Says Couples May Serve Best

By Mary ELLEN Gale

Women can make a "tremendous contribution" to the Peace Corps, Radcliffe President Mary I. Bunting, one of the vice-chairmen of the recently-created Citizens' Advisory Committee on the Peace Corps, declared yesterday.

Sargent Shriver, Director of the Corps, "wants to use both men and women effectively," she reported, noting, "there is some indication that young married couples would do a better job than groups of single men and women." The program will send couples if both husband and wife are individually accepted for the Peace Corps.

Calling the Corps "an awfully important move for the country," she cited the "great response" of students to Kennedy's proposal as the motivating force behind the program. In the future, she hopes that the colleges will integrate their separate Peace Corps, with government co-operation.

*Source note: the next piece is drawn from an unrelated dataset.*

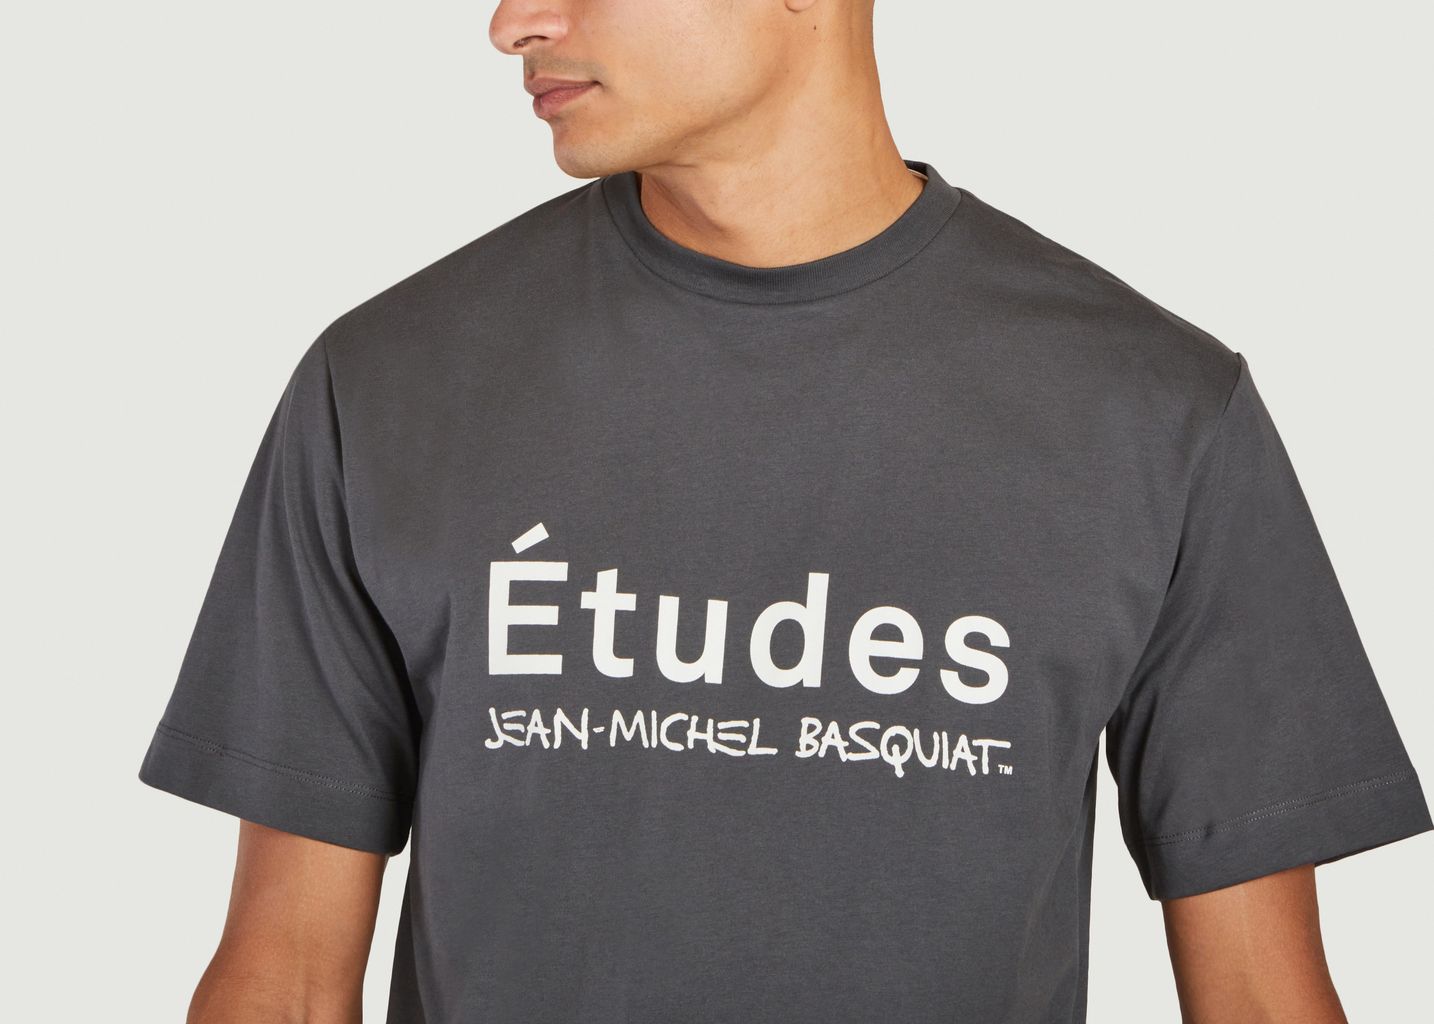 T-shirt Études Studio x Basquiat - Etudes Studio

Although "it is valuable to make the opportunity available now." President Bunting emphasized that the Peace Corps should not move too fast. "This is not the moment for drumming up support," she remarked. "We don't want people who are not really interested."

She agreed with Shriver that "there are many ways of serving the purposes of the Peace Corps without a frontal attack bearing a specific label." Programs sponsored by groups such as industries and labor unions could provide much of the manpower needed to aid foreign countries, she pointed out.

Should Learn Language

"It is important for many people to think how they can best serve the objectives of the Peace Corps whether or not they ever enlist in it," President Bunting commented.

"We need a diversity of knowledge coupled with other kinds of ability," she explained, stressing that bilingual people from all sorts of occupations and professions can make unofficial contributions to Peace Corps activities. "We need not just physicists, but farmers, builders, and home economists to aid other countries," she said.

Such preparation is especially important for women, the President declared She quoted Secretary of State Dean Rusk as saying that the foreign service is most effective when wives understand and participate in their husbands' careers.

Drop Outs for Marriage

Too often, she commented, men feel that marriage and the foreign service are incompatible. "Just as women drop out of college to get married, men drop out of the foreign service to get married," she said.